Mercedes racer Lewis Hamilton may have won this morning’s Japanese Grand Prix at Suzuka, but the accident suffered by the Marussia of Jules Bianchi on lap 43 prior to Dunlop Curve rendered that mute.
Dampened celebrations – if they could be called celebrations – followed, as Hamilton with runner-up Nico Rosberg and 3rd place man Sebastian Vettel solemnly went through the motions upon a brightly lit stage.
As news spread, so did the strain upon the faces of those underneath the podium – the reality of the situation etched in line and brow.
The seriousness of Bianchi’s predicament was not immediately known; such was the positioning of the Adrian Sutil’s already stricken Sauber and location of the camera crew.
According reports from the on site media, Bianchi suffered a serious head injury when he went off track and collided with a tractor. Thereafter he was transferred to Mie General Hospital not far from the circuit, but has since come out of surgery and is breathing on his own.
Throughout his extraction, the Frenchman was said to have remained unconscious.

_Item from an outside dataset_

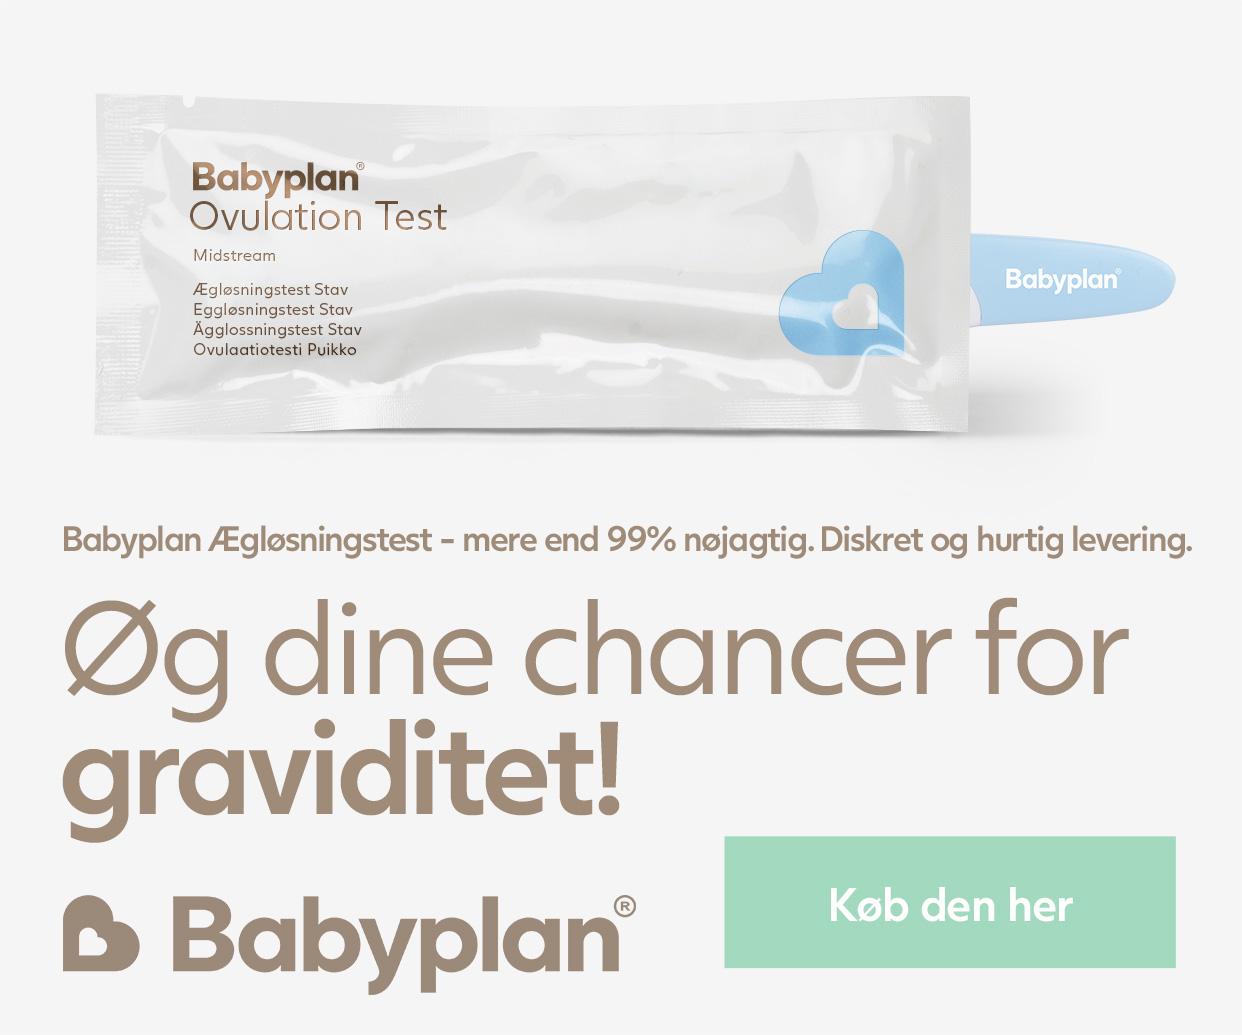 Øg dine chancer for graviditet med en ægløsningstest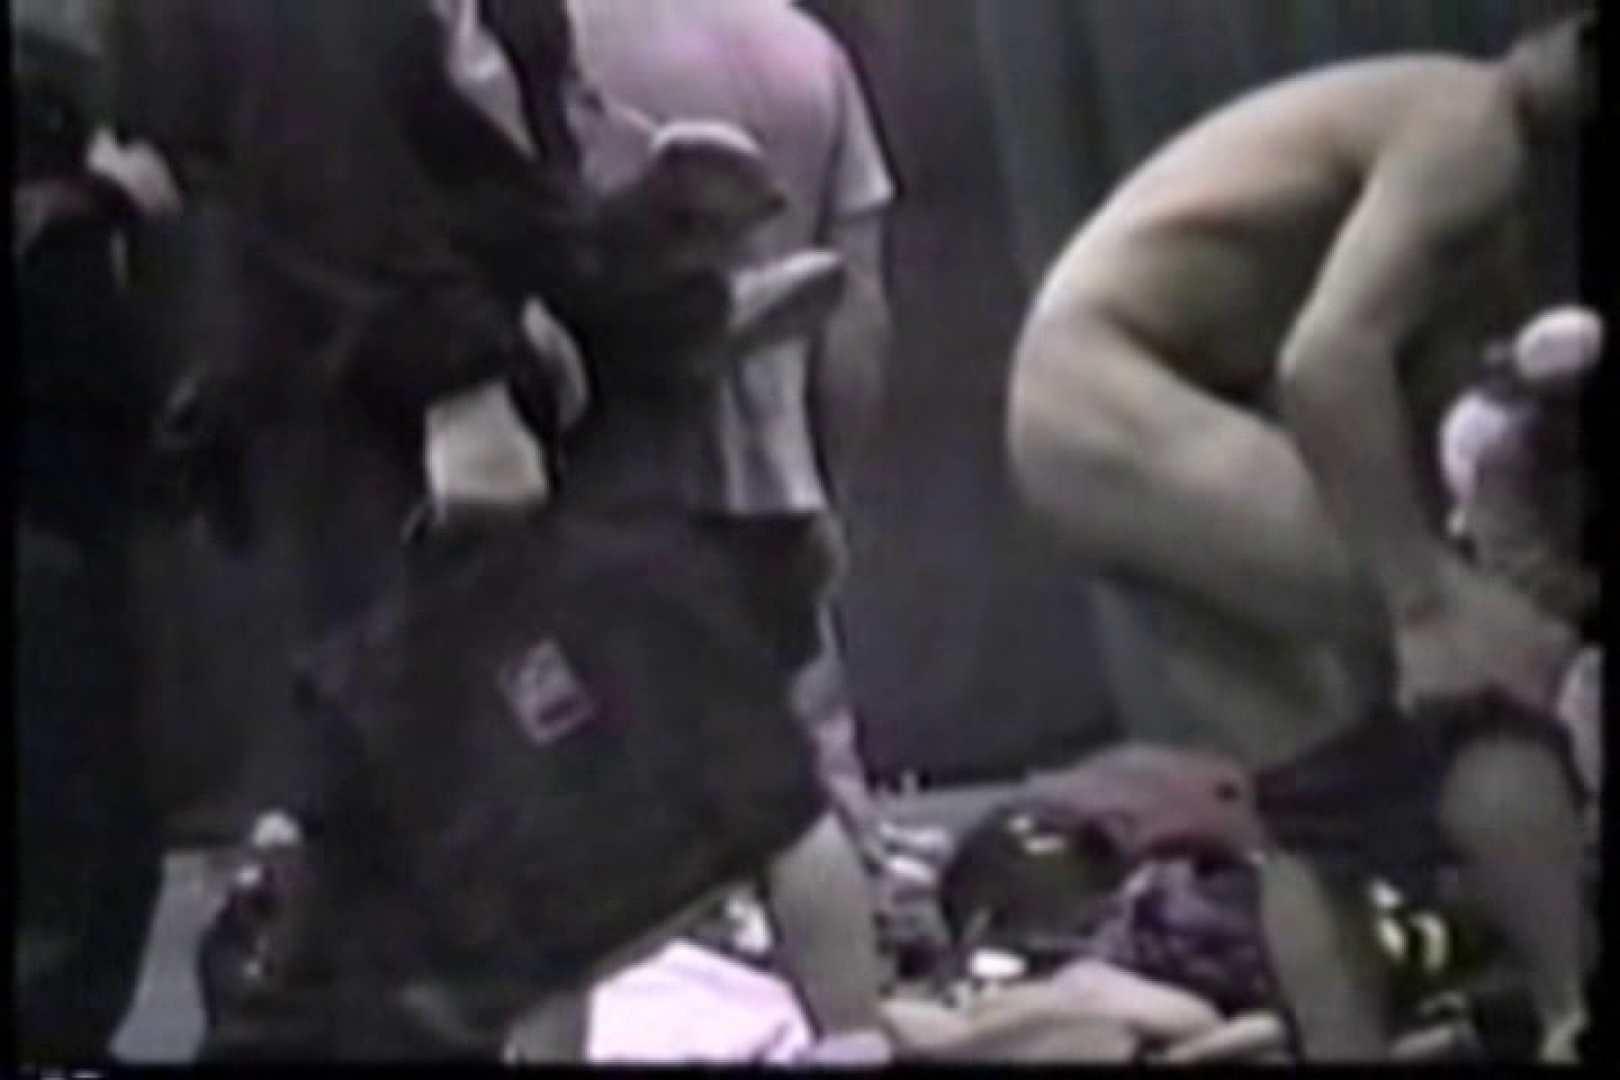 洋人さんの脱衣所を覗いてみました。VOL.6 ガチムチマッチョ系男子 ゲイ精子画像 102枚 81

The reappearance of the red flag was a relief – it had already been an exhausting race by this point, but as more solid information began to filter through from the scene, a lifetime caught up with Formula One.
Such moments make a mockery of sport’s self importance, bringing to the fore the triviality of the pursuits of fast men in fast machines – these matters hold little standing of import now and amidst all of the chatter and debate, what stands out the most is the silence of it all.
Naturally there will be analysis; there will be accusations; there will theories; there may be answers, but for the moment, there is just waiting.
At this point, my only thoughts are with Jules Bianchi, his family, friends and colleagues at this difficult time.